§ ABOUT THIS EXERCISE
Below are the records; extract from them the line containing "Woman struggles with" to the line containing "Espana Solud Cedar Classical Guitar W/pickup", both lines included, exactly and with no pictures.

§ RECORDS TO USE
========================================

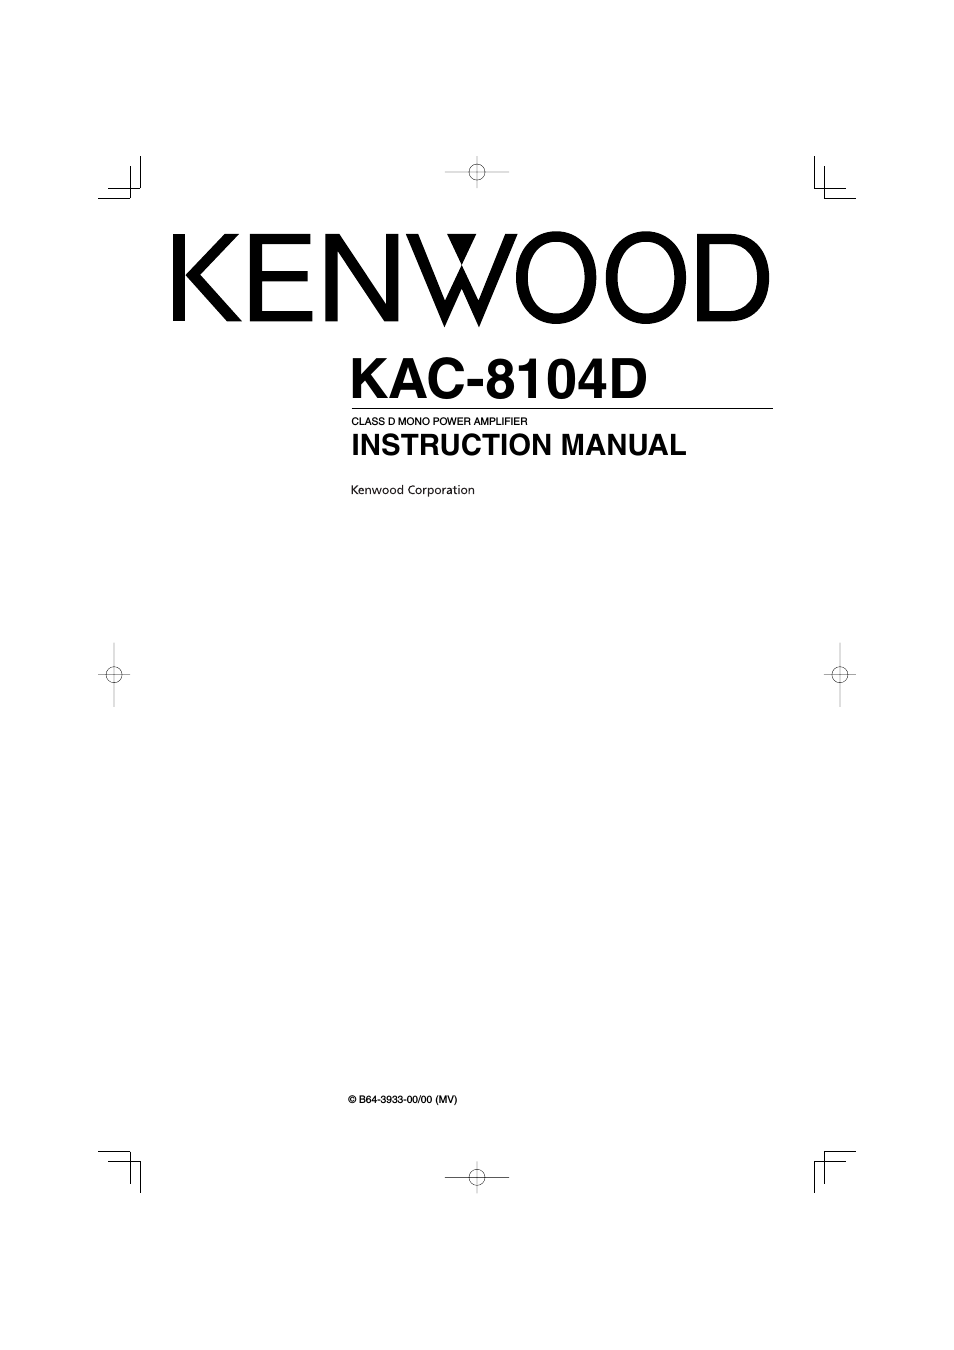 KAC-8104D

========================================

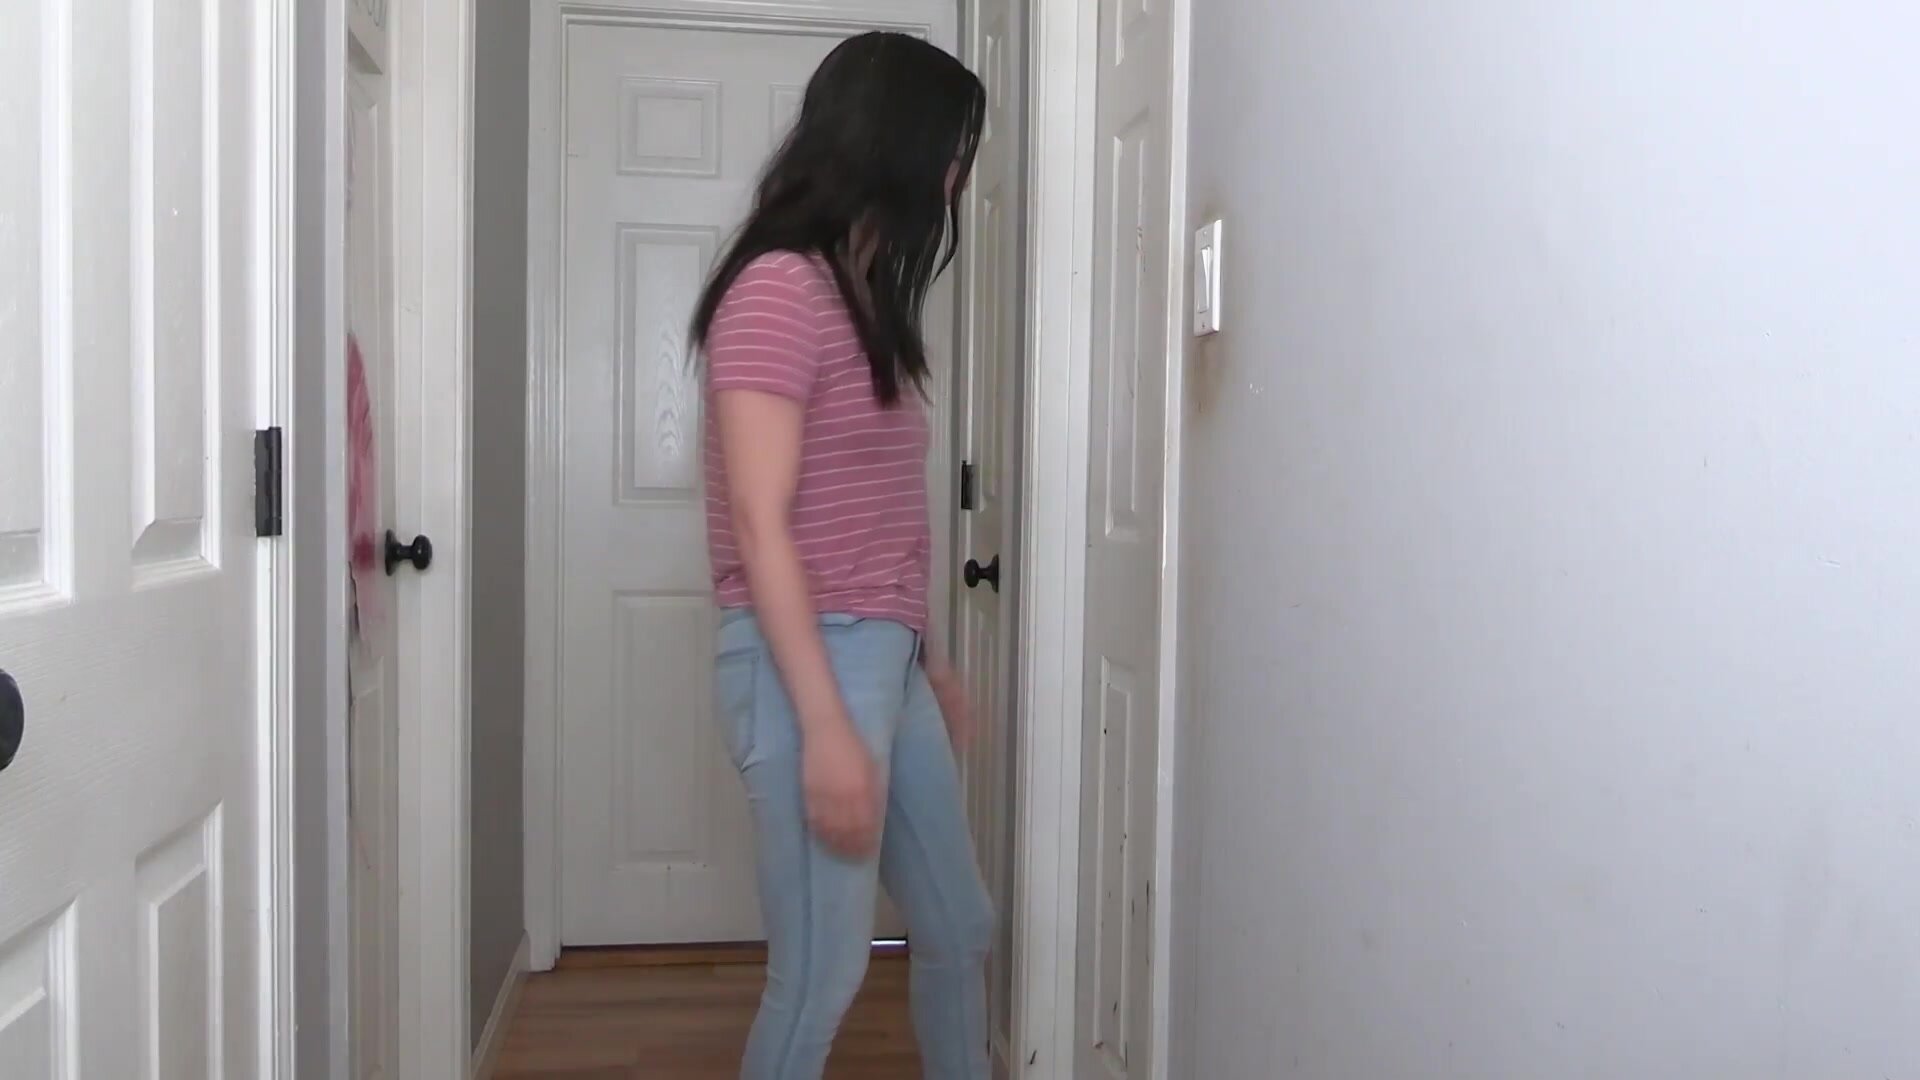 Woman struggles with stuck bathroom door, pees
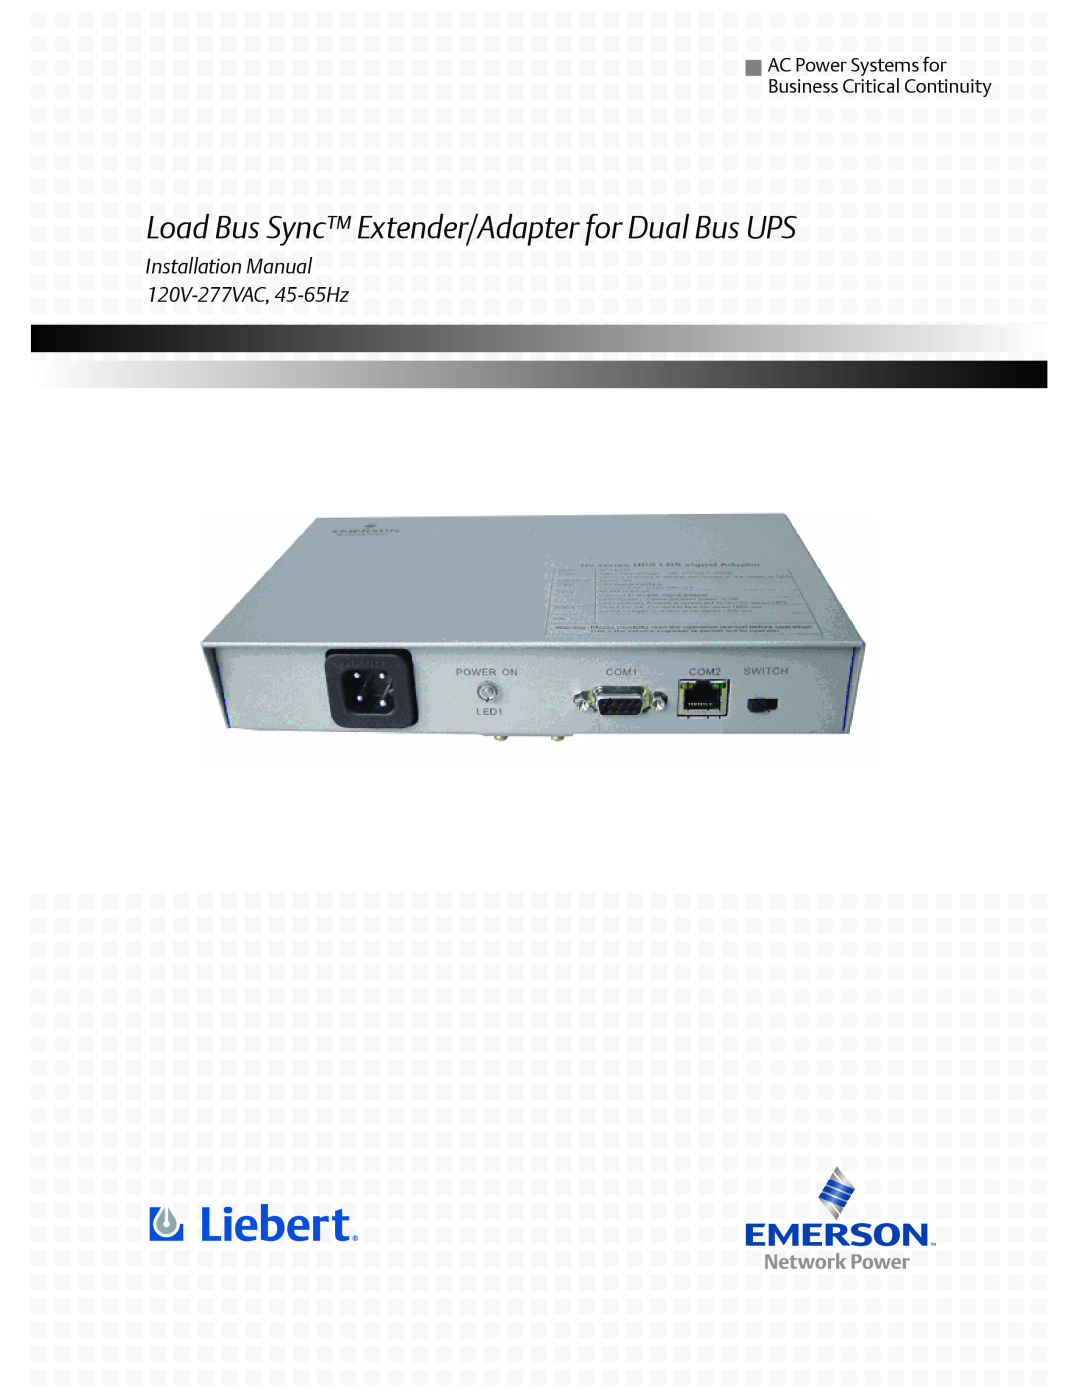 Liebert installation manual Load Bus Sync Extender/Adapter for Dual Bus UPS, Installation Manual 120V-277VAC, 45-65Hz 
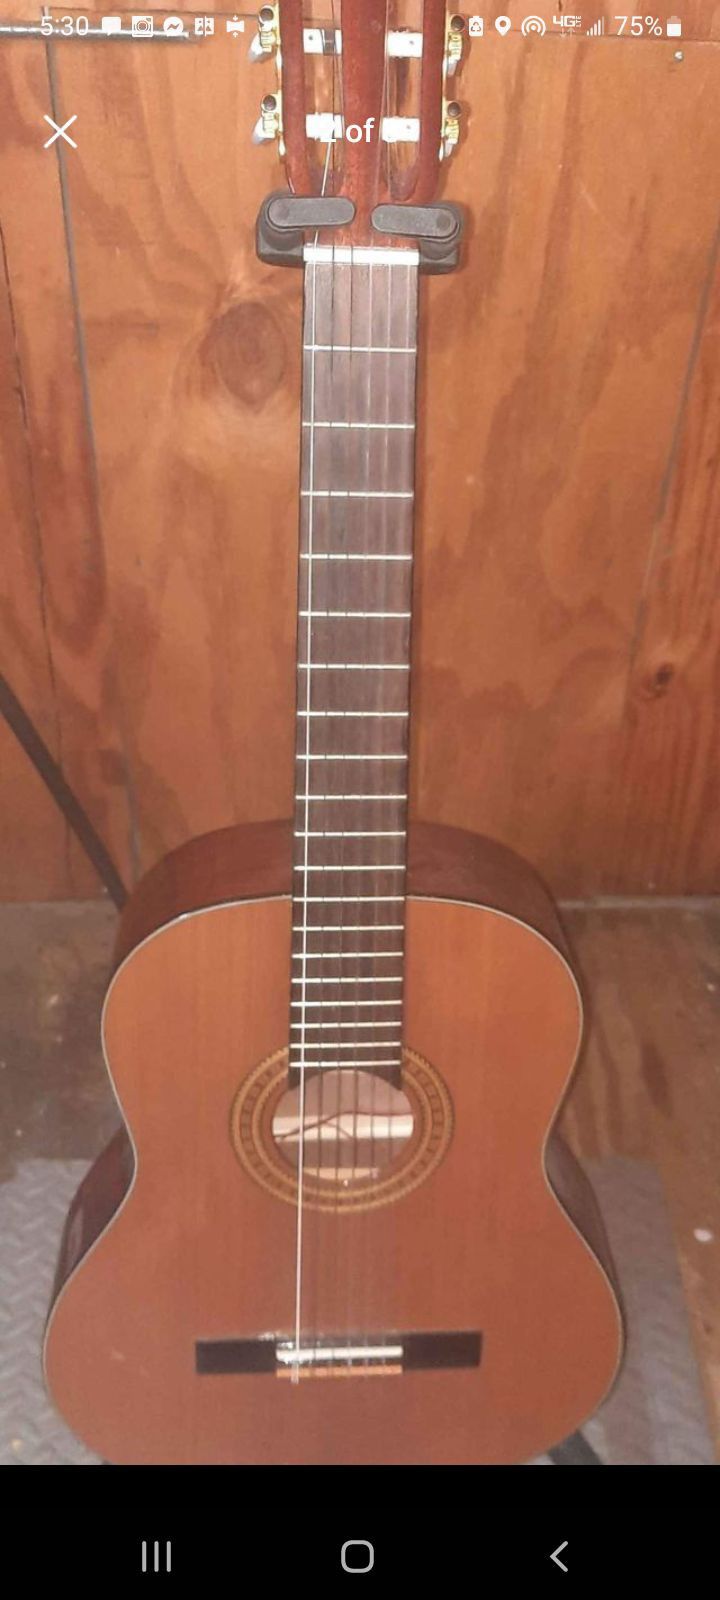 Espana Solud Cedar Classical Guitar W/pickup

========================================

§ ANSWER BELOW
 Woman struggles with stuck bathroom door, pees
 Liebert installation manual Load Bus Sync Extender/Adapter for Dual Bus UPS, Installation Manual 120V-277VAC, 45-65Hz 
 Espana Solud Cedar Classical Guitar W/pickup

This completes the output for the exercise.